The Heidelberg Retina Tomograph (HRT, Heidelberg Engineering, GmbH, Heidelberg, Germany) is a confocal scanning laser ophthalmoscope used for topographic assessment of the optic nerve head.1 HRT-I (classic) was introduced for clinical use in 1991 and HRT-II in 1999. The scans acquired using the HRT-I at 10° × 10° field of view and the HRT-II scans have the same transverse resolution of approximately 11 μm. Therefore, the topographies computed from the HRT-I and HRT-II scans are theoretically compatible and interchangeable. With current software, HRT-I scans are converted to HRT-II format and combined in a single longitudinal series with HRT-II scans to detect localized retinal height changes using topographic change analysis (TCA) and other change detection algorithms.2, 3, 4

We noticed that, in some eyes, TCA available in HRT software detected significantly larger number of locations with significant decrease in retinal height when using an HRT-I baseline examination compared to when using an HRT-II baseline examination conducted on the same day (for eg, see Figures 1a vs b and 2a vs b). In HRT software, a data normalization procedure corrects for any horizontal and vertical shifts, rotational and tilt misalignment, and differences in parabolic distortion (known as parabolic error correction (PEC), described in Subjects and methods section and in Appendix A) between baseline and each follow-up examinations in a longitudinal series. Because the field of view of HRT-I examinations (10° × 10°) is smaller than that of HRT-II examinations, PEC is not applied when an HRT-I examination is included in the longitudinal series. We hypothesized that some of the TCA differences observed in Figures 1b and 2b in contrast to Figures 1a and 2a, respectively, are because of the lack of PEC when using HRT-I examination as baseline.

Figure 1
figure 1

HRT TCA for the HRT-I–mixed series and HRT-II–only series of a UCSD DIGS participant (case 1).
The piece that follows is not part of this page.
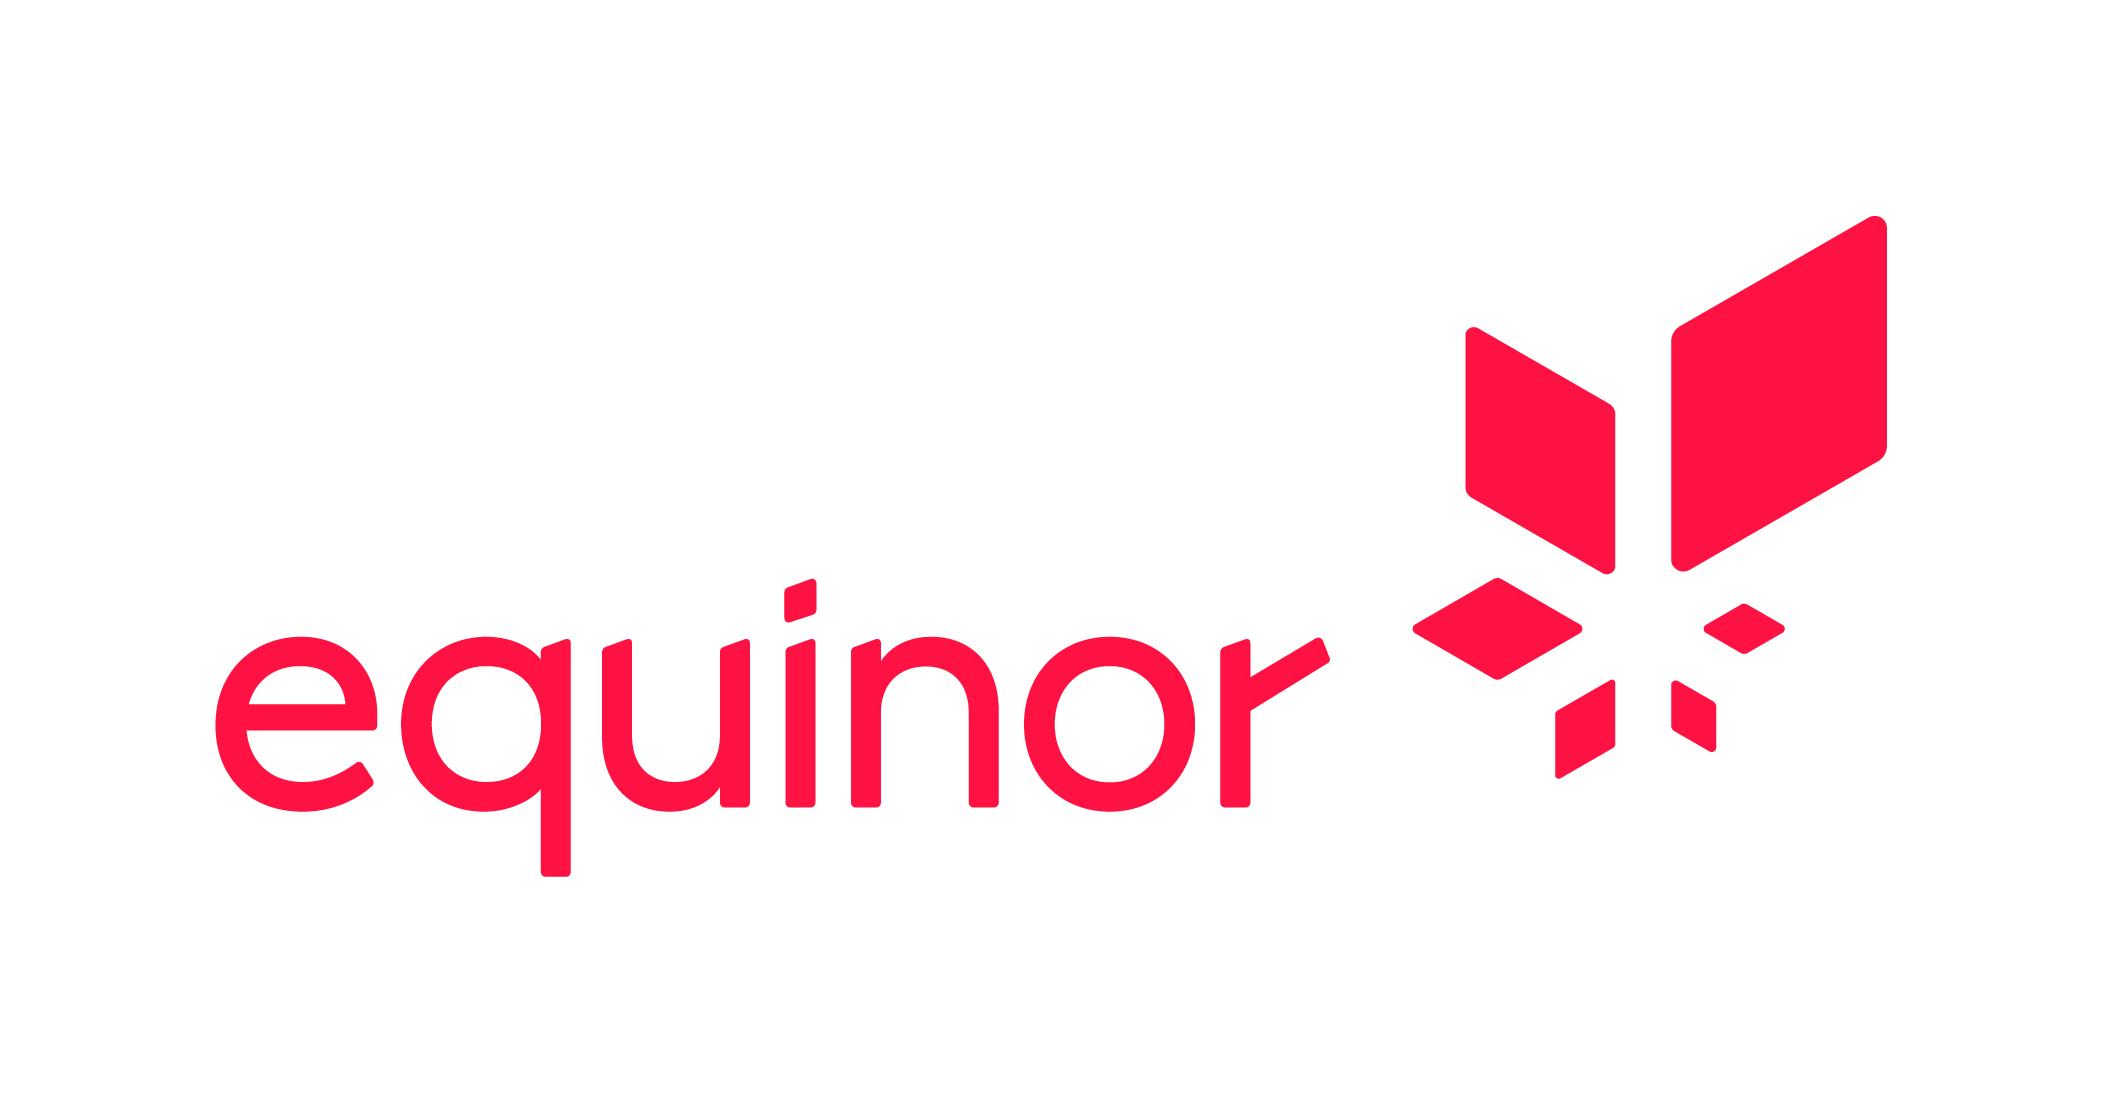 Equinor_HORIZ_logo_RGB_RED.jpg

HRT-I–mixed series without parabolic error correction (b) detected more number of significant change locations compared with the HRT-II–only series (a). TCA agreement between HRT-I–mixed series (c) and HRT-II–only series (a) improved by applying parabolic error correction also to the HRT-I–mixed series.

Figure 2
figure 2

HRT TCA for the HRT-I–mixed series and HRT-II–only series of a UCSD DIGS participant (case 2). HRT-I–mixed series without parabolic error correction (b) detected more number of significant change locations compared with the HRT-II–only series (a). TCA agreement between HRT-I–mixed series (c) and HRT-II–only series (a) improved by applying parabolic error correction also to the HRT-I–mixed series.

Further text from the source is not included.